We realize we can just drop them. Thus, our final equations are

$$\begin{aligned} \beta^l_{j_s} &\le \beta^l_{j_t}\\ \beta^l_{i_s} &\le \beta^l_{i_t}\\ \delta &\le \beta^l_{j_t} + \alpha^l_t - \alpha^l_s\\ \end{aligned}$$

Thus, the coefficient for the target must be at least as great as those from the source. Additionally, if the offsets are equal, then $\beta^l_{j_t}$ must exceed our desired $\delta$.

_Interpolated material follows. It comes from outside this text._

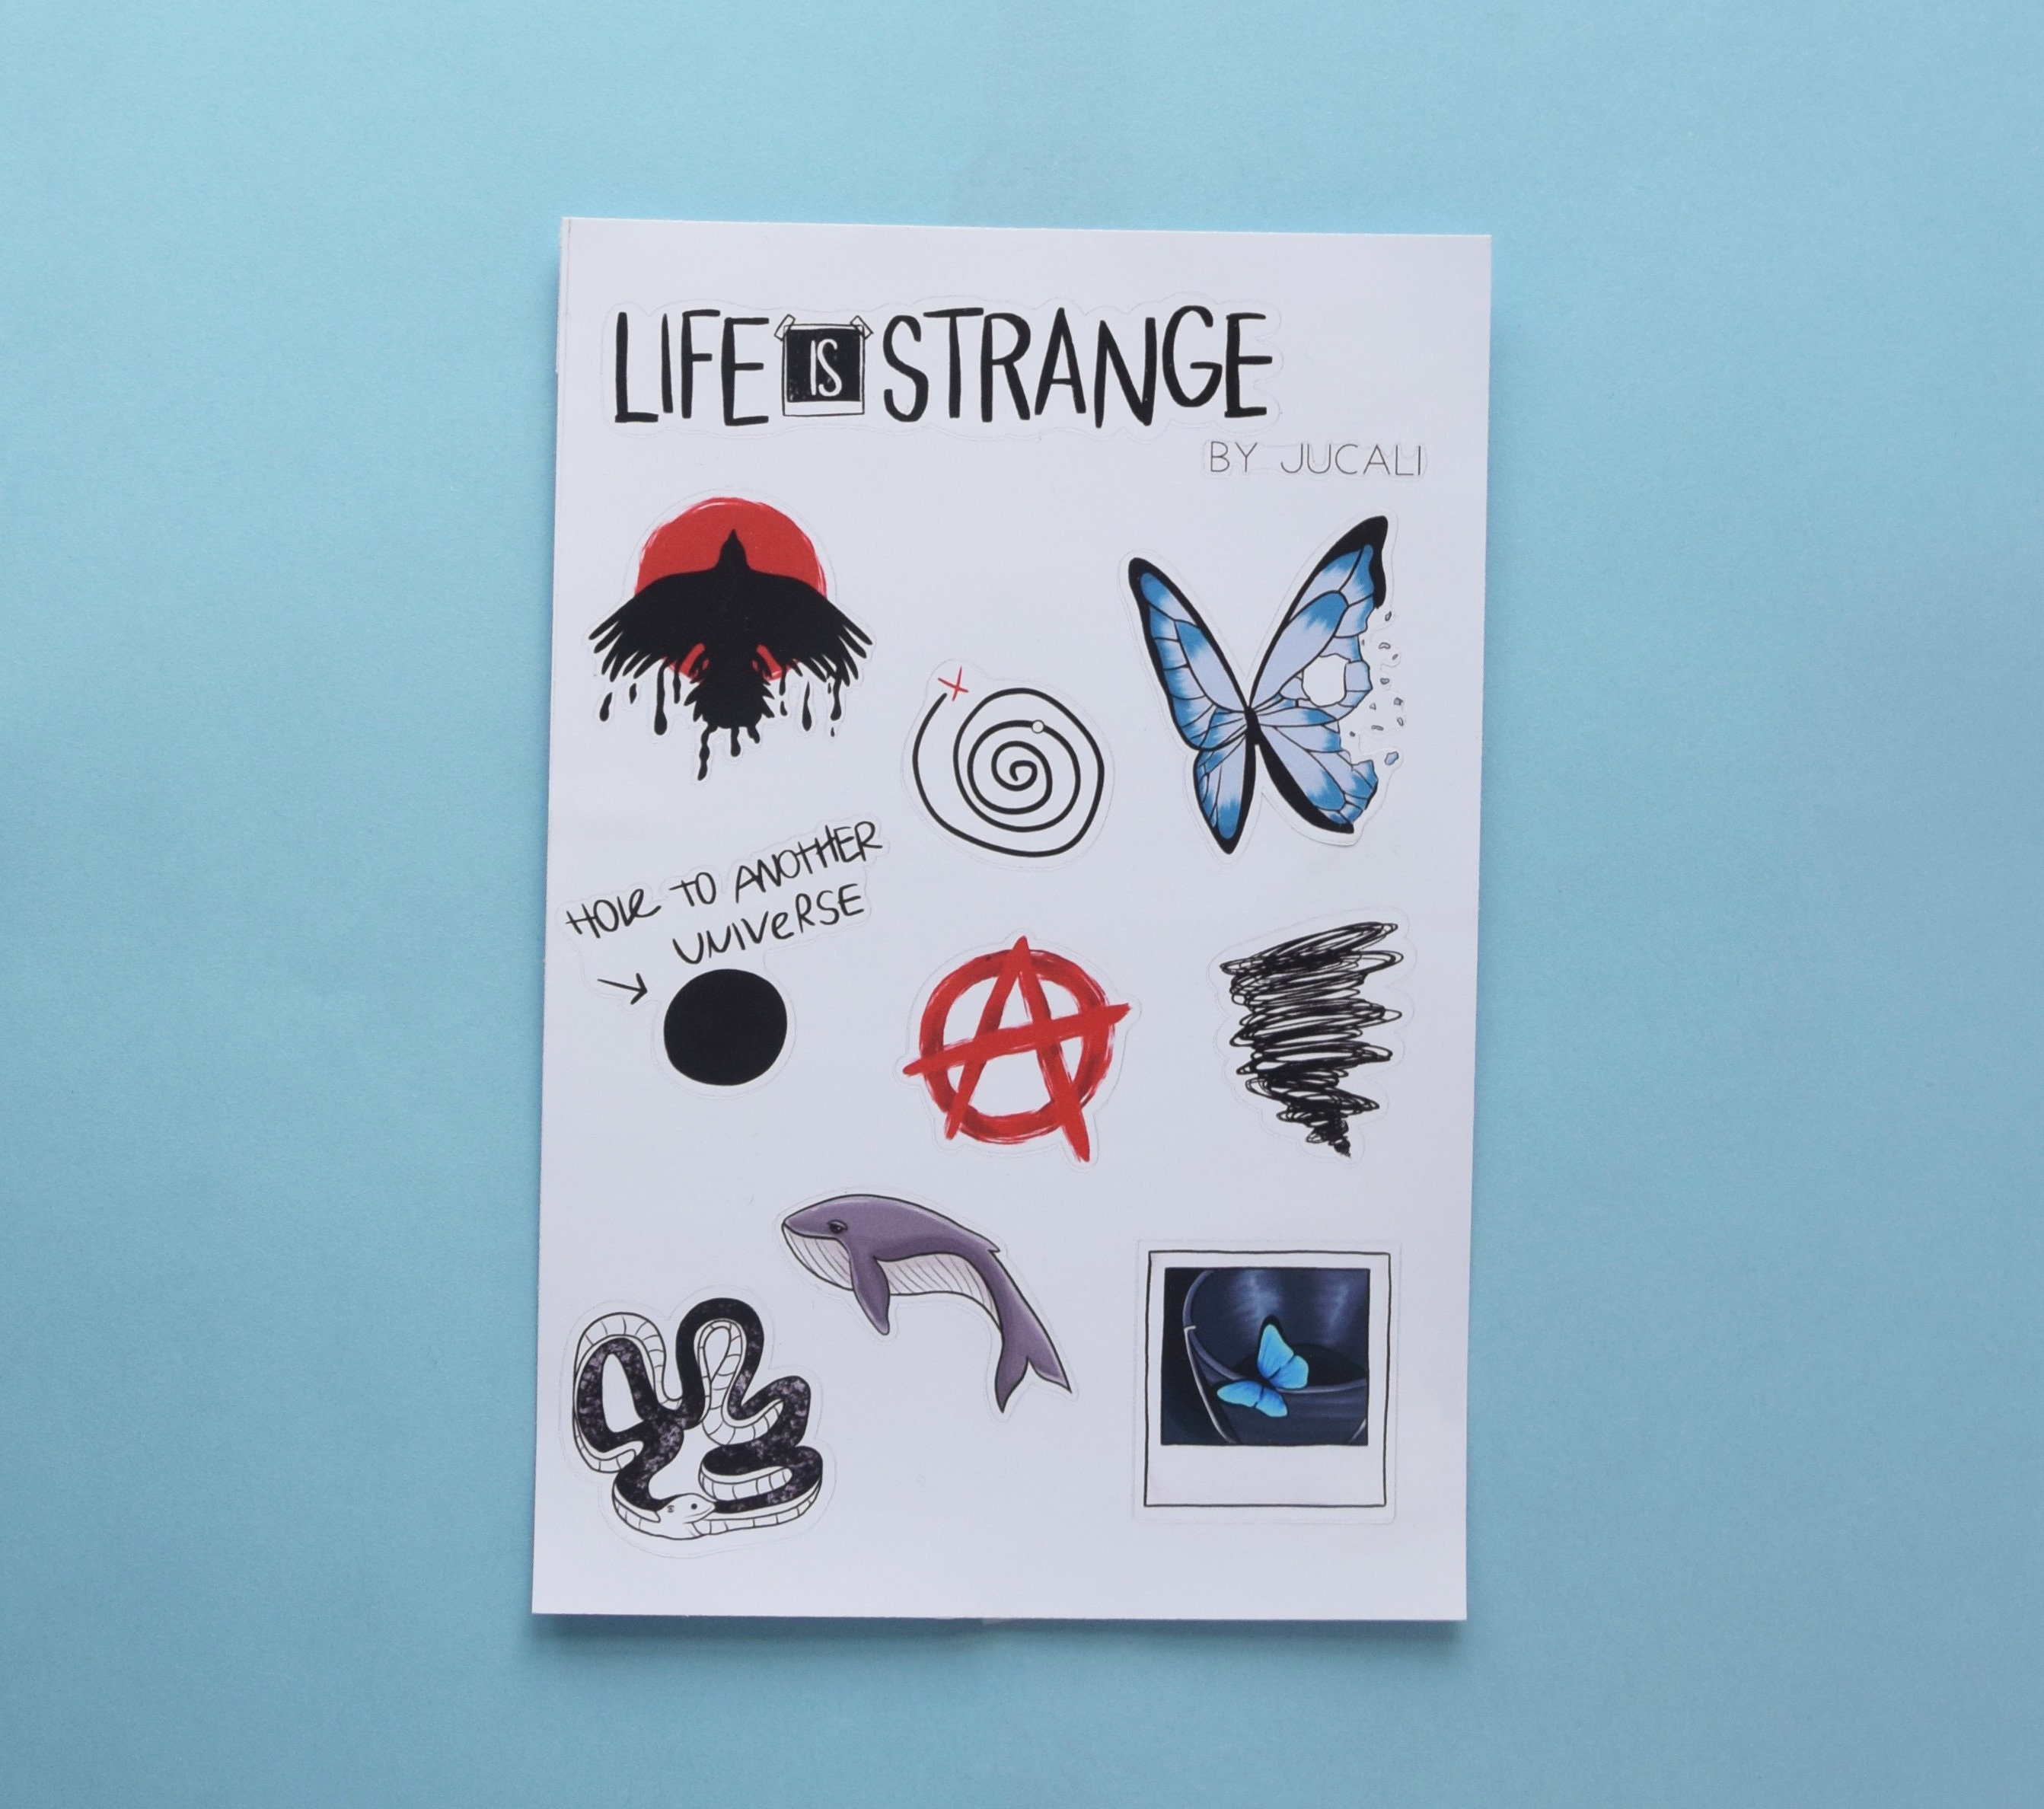 Life is strange stickers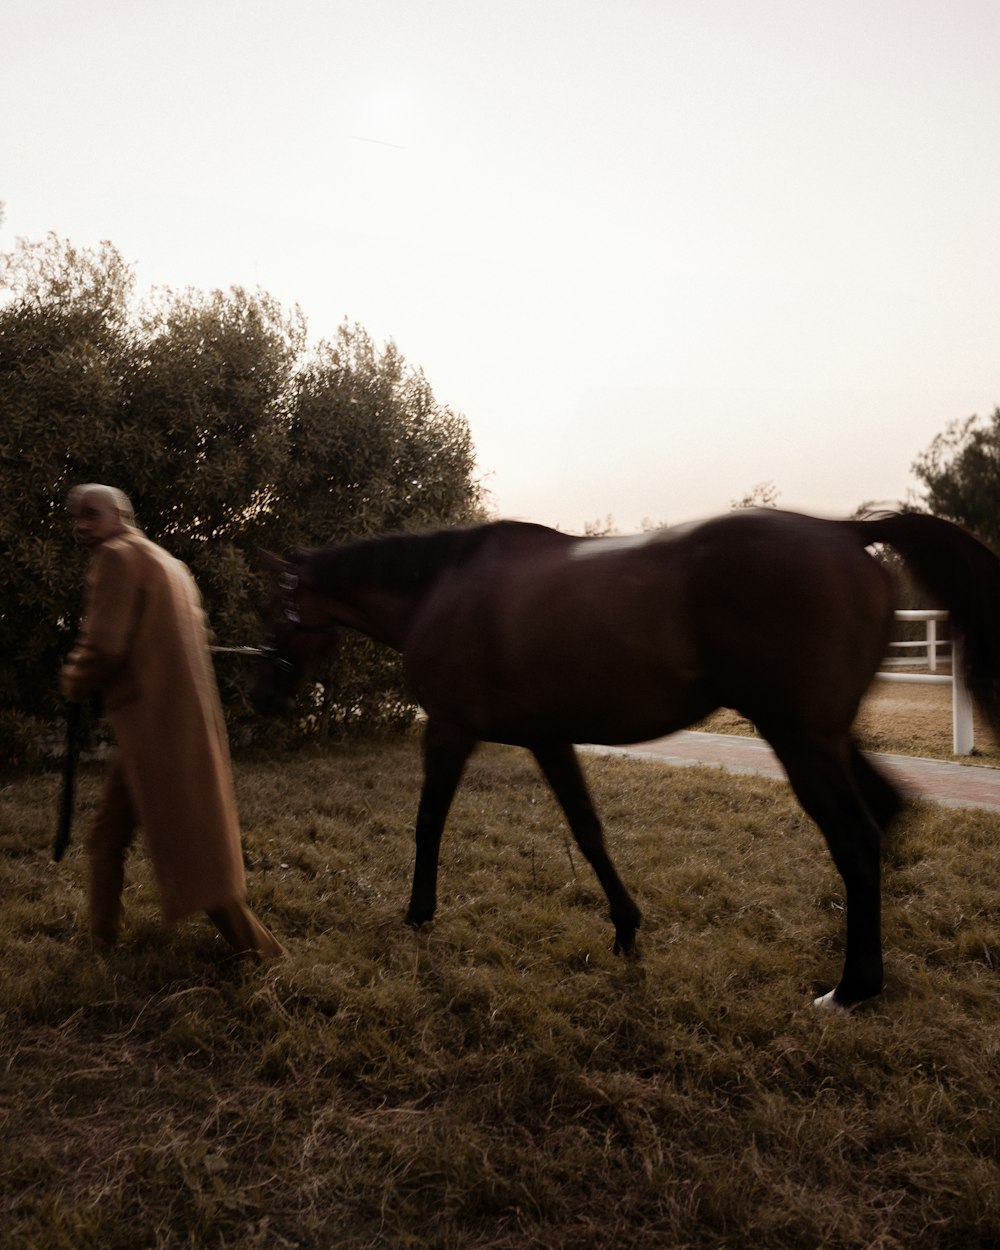 a man walking a horse in a field

Repeating this procedure for the other dependency would similarly yield

$$\begin{aligned} \beta^l_{j_s} &\le \beta^l_{j_t}\\ \beta^l_{i_s} &\le \beta^l_{i_t}\\ \delta &\le \beta^l_{i_t} + \alpha^l_t - \alpha^l_s\\ \end{aligned}$$

Note that to parallelize a hyperplane, we need $\delta$ for all unsatisfied dependencies to be 0. One approach is to let $\beta^0_{i_t} = \beta^0_{i_s} = \beta^0_{j_t} = \beta^0_{j_s} = 1$ to satisfy both dependencies in the outer loop. Then we can freely parallelize the inner loop.

Reference: Effective Automatic Parallelization and Locality Optimization using the Polyehdral Model by Uday Bondhugula.